We began my class with a simple imperative sentence and then added the pieces we are practicing today.
We started with “Sing a song,” which is a simple imperative sentence.
I asked my class, “Who are we asking/commanding to sing a song?”
Someone suggested Lucy, so I added that to the sentence, and we as a class noted that it was a noun of direct address. Someone added, “Can it be Lucy the dog?” Sure, I said. We need an appositive.
Then, I asked the students to add an adverb (an -ly adverb) that answers the question how. Someone suggested “loudly.” Then, I asked for a prepositional phrase that is adverbial – that is, it must answer a “where” or “when” type question. I had several suggestions – such as “at the park,” “near the river,” or “after dark.” Students wrote down their own ideas on their boards, and I wrote “at the park” on my board.

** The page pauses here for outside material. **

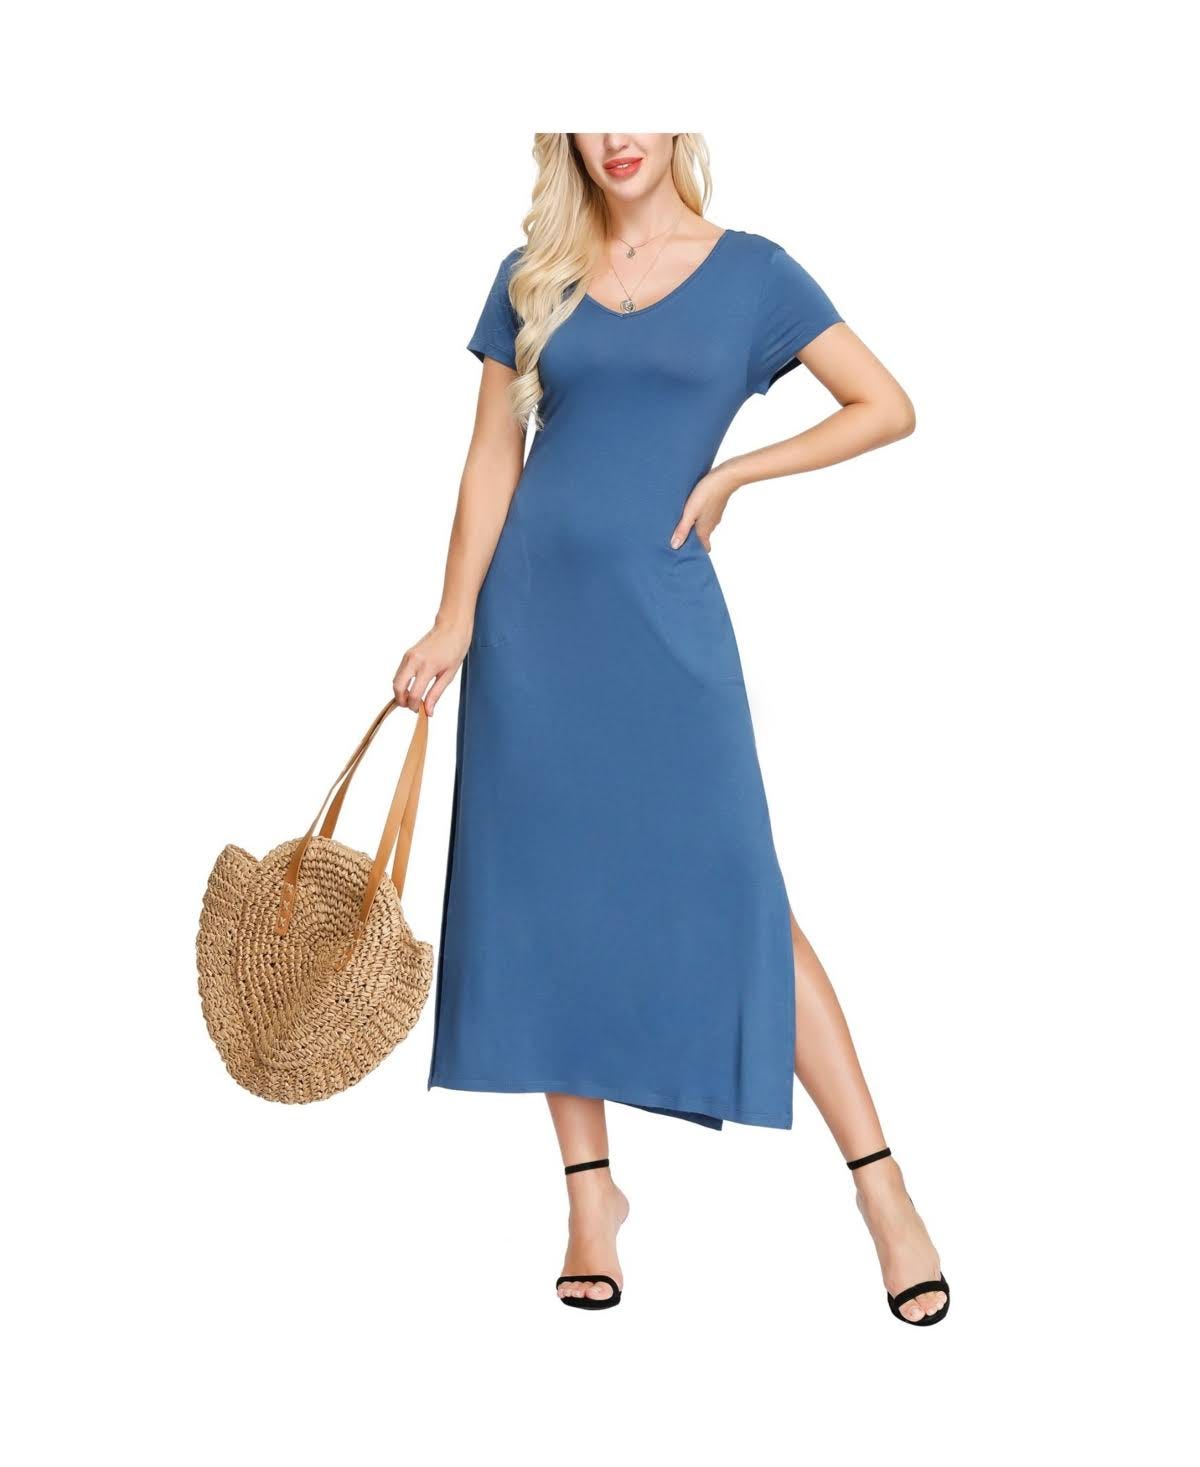 Stretchy Rayon V-Neck Dress with Pockets for versatile and comfortable wear | Image

We also decided to change the verb to “howl” because we were addressing a dog.
Then, I had students take turns coming to the board, and each student added one piece to the diagram. They knew the words and phrases were adverbs because I had asked them to come up with adverbs – no guesswork.
Students had freedom to vary their sentences on their own boards, but knew how to diagram their own sentences because they fit the patterns on the board.